Directions:
Every line of the listing below should be written out exactly, minus its images.

Data provided:
_____
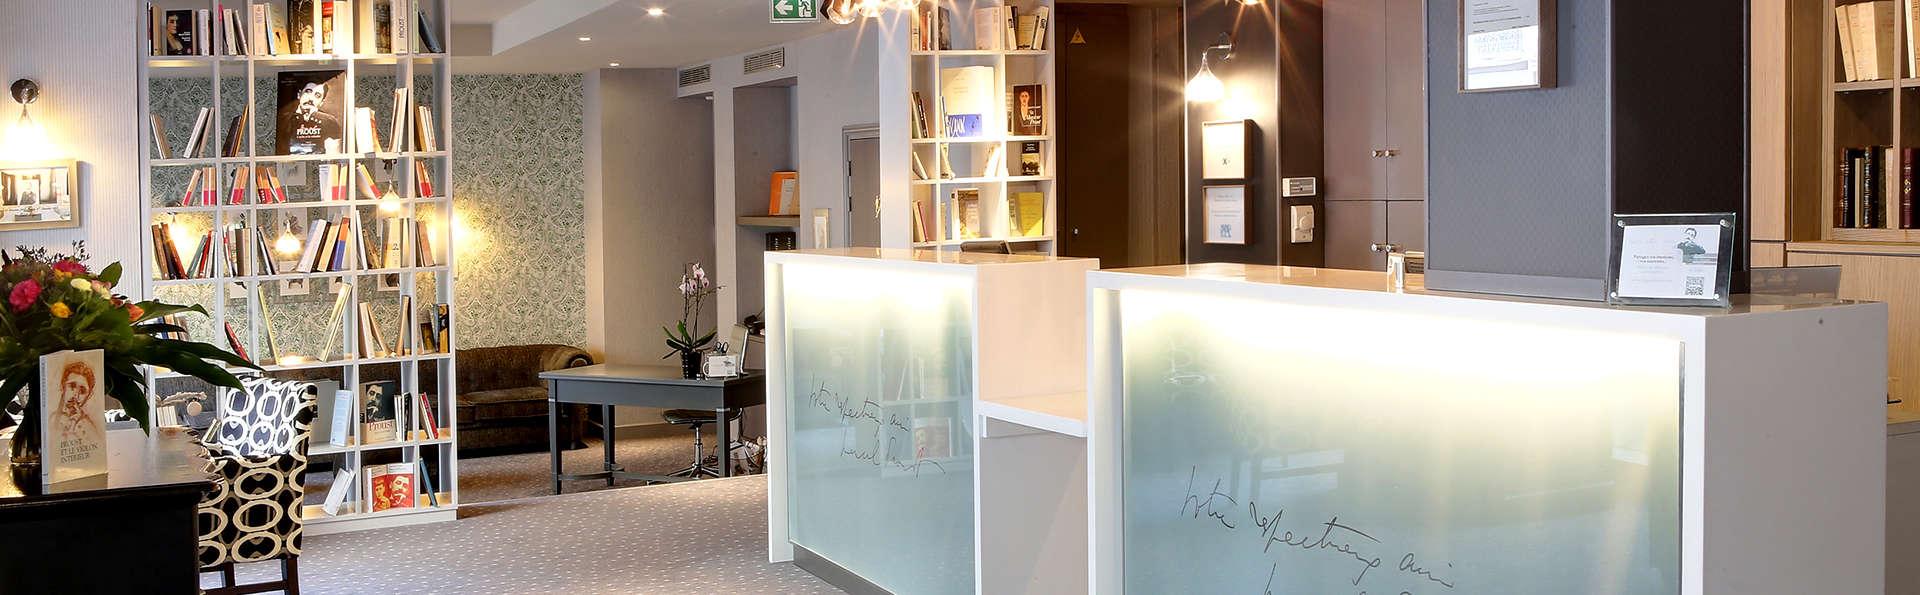 Best Western Premier Hôtel Littéraire Le Swann - Edit_Reception.jpg
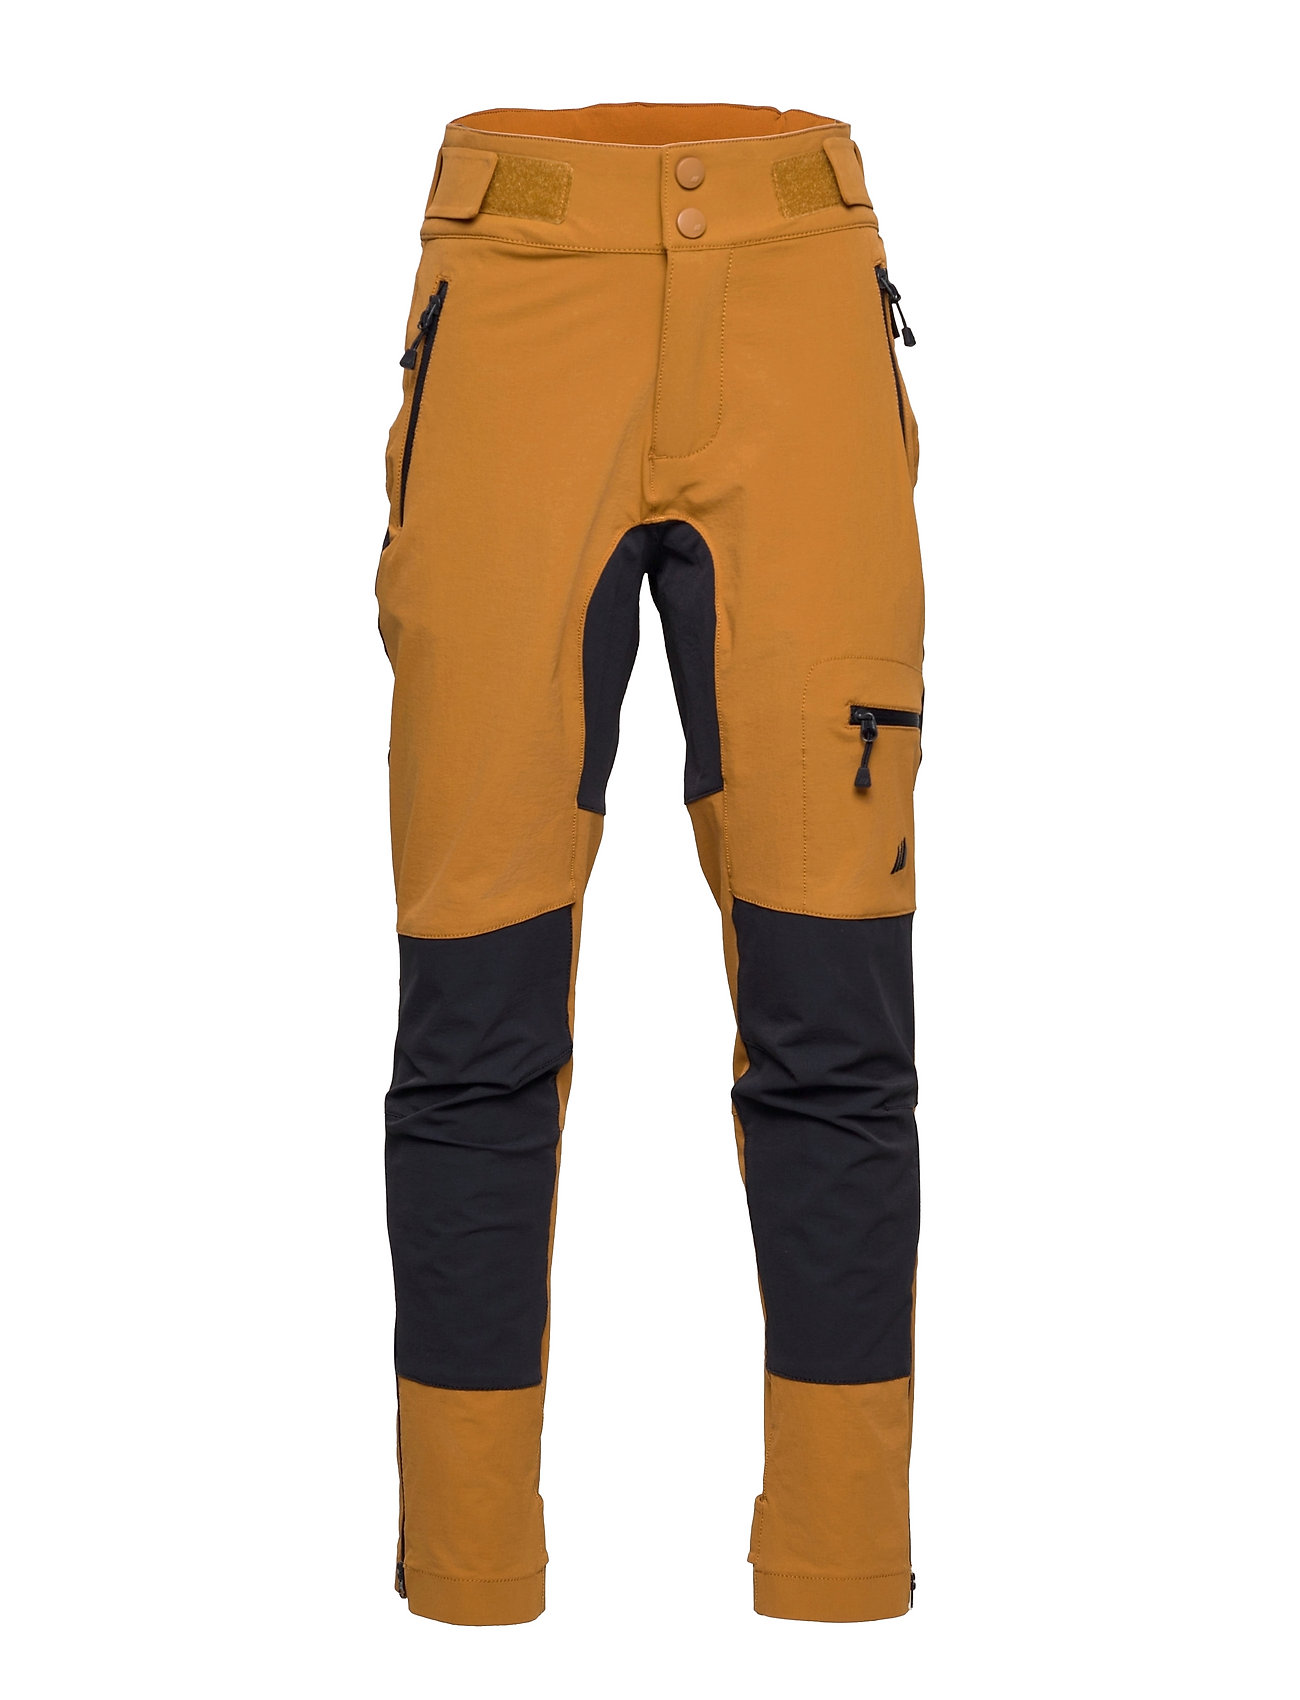 LøNahorgi Hiking Trousers Outerwear Softshells Softshell Trousers Gul Skogstad
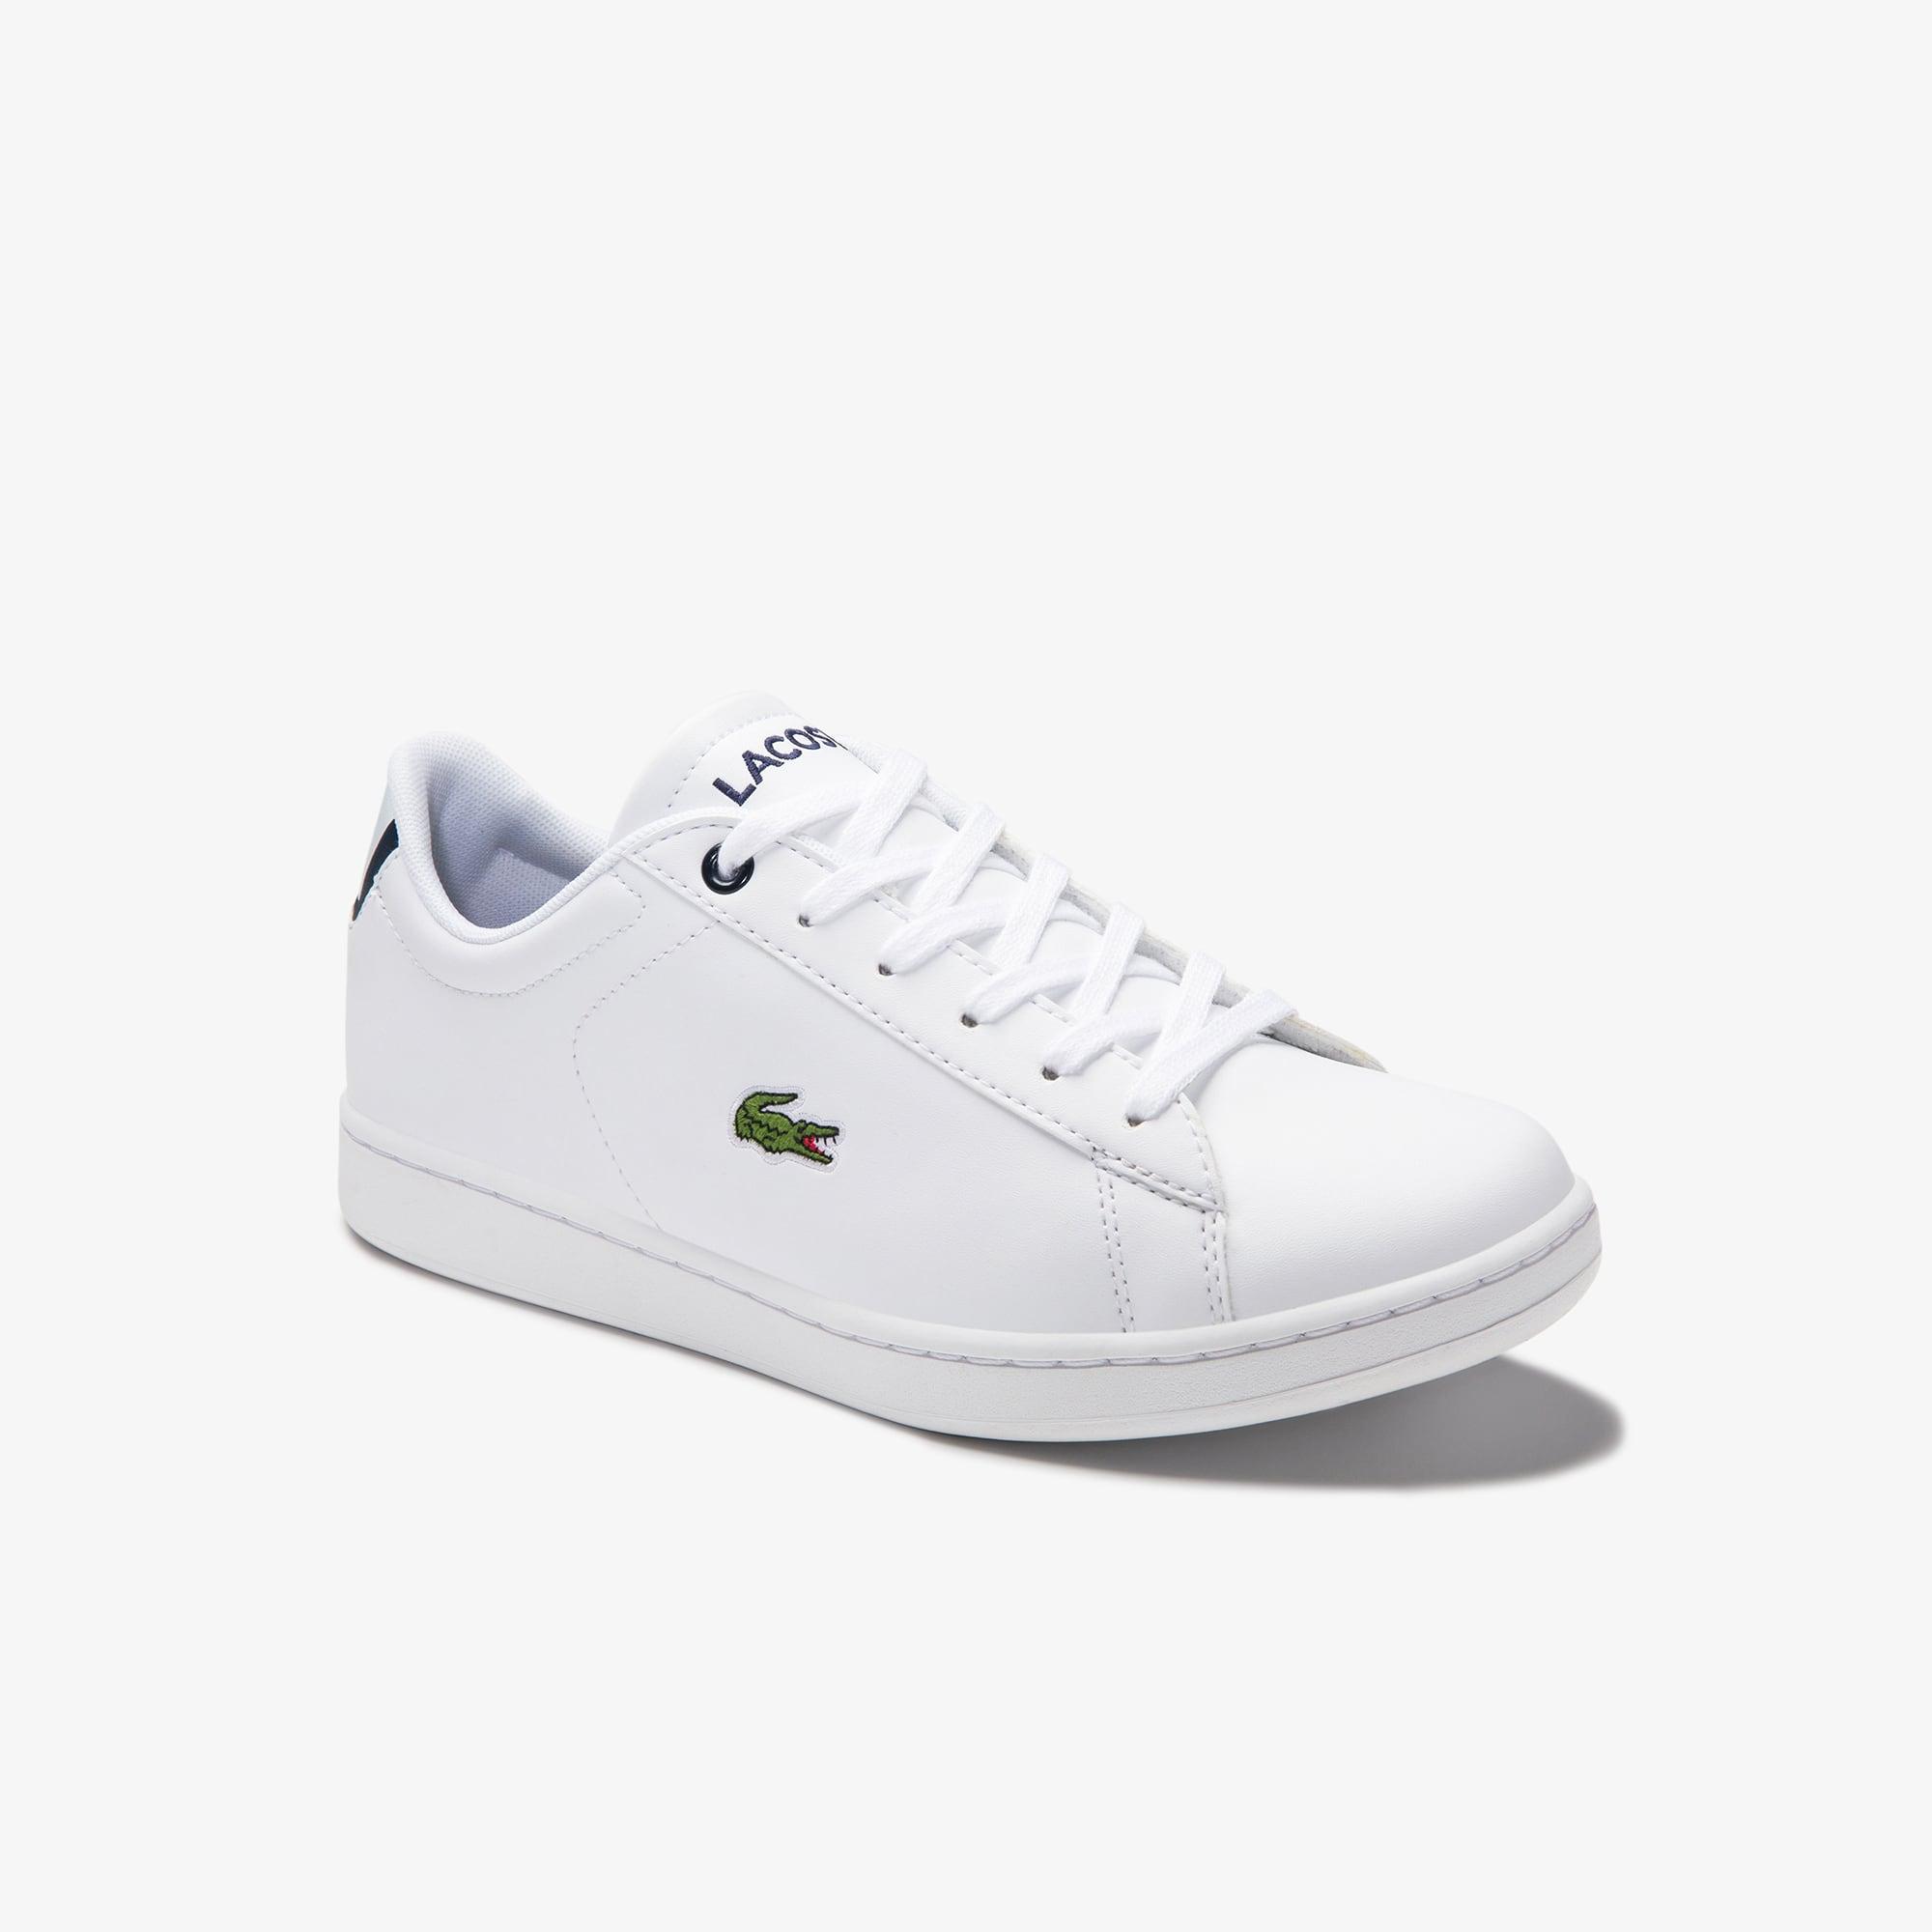 2047bafbd7d Sneakers Carnaby Evo ado en synthétique
_____
Expected answer:
 Best Western Premier Hôtel Littéraire Le Swann - Edit_Reception.jpg
 LøNahorgi Hiking Trousers Outerwear Softshells Softshell Trousers Gul Skogstad
 2047bafbd7d Sneakers Carnaby Evo ado en synthétique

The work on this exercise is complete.